Choosing a global load balancer
When choosing a global load balancer between Traffic Manager and Azure Front Door for global routing, you should consider what’s similar and what’s different about the two services. Both services provide
- Multi-geo redundancy: If one region goes out of service, traffic seamlessly routes to the closest region without any intervention from the application owner.
- Closest region routing: Traffic is automatically routed to the closest region
The following table describes the differences between Traffic Manager and Azure Front Door:
|Traffic Manager||Azure Front Door|
|Any protocol: Since Traffic Manager works at the DNS layer, you can route any type of network traffic; HTTP, TCP, UDP, and so on.||HTTP acceleration: With Front Door, traffic is proxied at the edge of the Microsoft network. HTTP/S requests will see latency and throughput improvements, which reduce latency for TLS negotiation.|
|On-premises routing: With routing at a DNS layer, traffic always goes from point to point. Routing from your branch office to your on premises datacenter can take a direct path; even on your own network using Traffic Manager.||Independent scalability: Since Front Door works with the HTTP request, requests to different URL paths can be routed to different backend / regional service pools (microservices) based on rules and the health of each application microservice.|
|Billing format: DNS-based billing scales with your users and for services with more users, plateaus to reduce cost at higher usage.||Inline security: Front Door enables rules such as rate limiting and IP ACL-ing to let you protect your backends before traffic reaches your application.|
We recommend customers to use Front Door for their HTTP workload because of the performance, operability, and security benefits that HTTP works with Front Door. Traffic Manager and Front Door can be used in parallel to serve all traffic for your application.

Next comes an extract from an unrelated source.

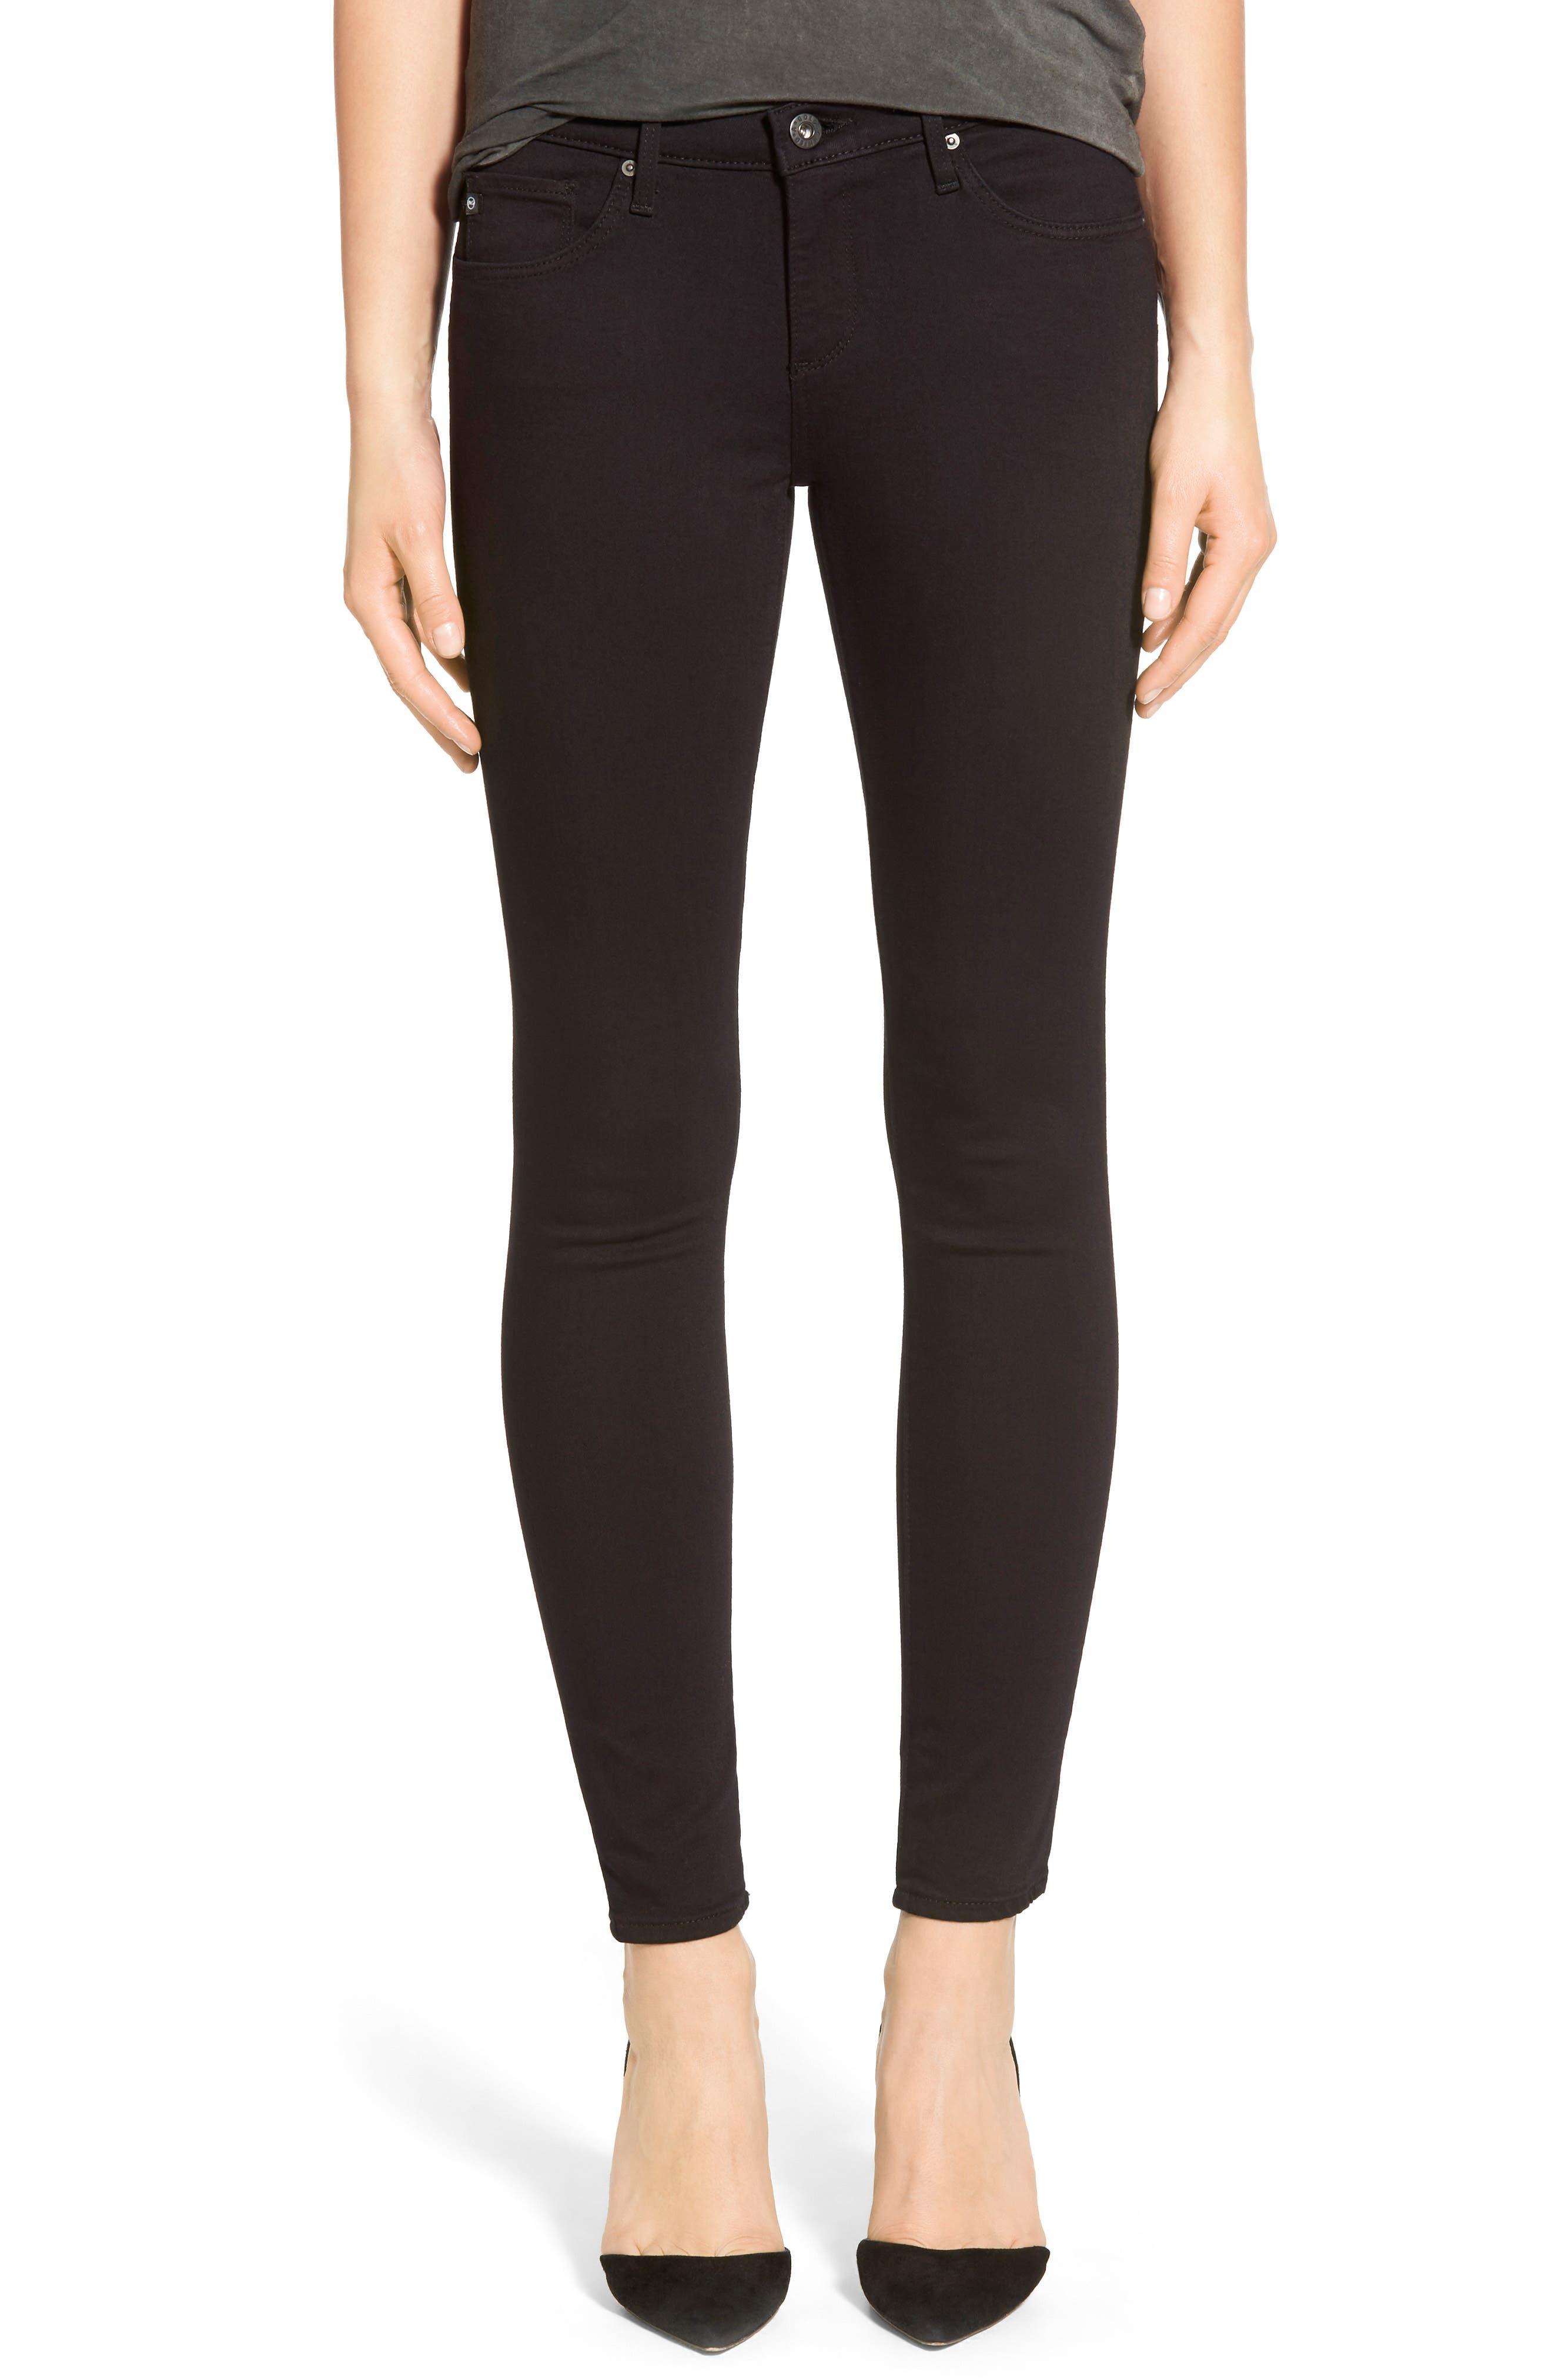 AG, 'The Legging' Ankle Super Skinny Jeans, Main thumbnail 1, color, SUPER BLACK

Building with Azure’s application delivery suite
We recommend all websites, APIs, services be geographically redundant so it can deliver traffic to its users from the nearest location whenever possible. Combining multiple load-balancing services enables you to build geographical and zonal redundancy to maximize reliability and performance.
In the following diagram, we describe an example architecture that uses a combination of all these services to build a global web service. The architect used Traffic Manager to route traffic to global backends for file and object delivery. While using Front Door, to globally route URL paths that match the pattern /store/* to the service they’ve migrated to App Service. Lastly, routing all other requests to regional Application Gateways.
In each region of IaaS service, the application developer has decided that any URLs that match the pattern /images/* get served from a dedicated pool of VMs. This pool of VMs is different from the rest of the web farm.
Additionally, the default VM pool serving the dynamic content needs to talk to a back-end database that is hosted on a high-availability cluster. The entire deployment is configured through Azure Resource Manager.
The following diagram shows the architecture of this scenario:
This example is only one of many possible configurations of the load-balancing services that Azure offers. Traffic Manager, Front Door, Application Gateway, and Load Balancer can be mixed and matched to best suit your load-balancing needs. For example, if TLS/SSL offload or Layer 7 processing is not necessary, Load Balancer can be used in place of Application Gateway.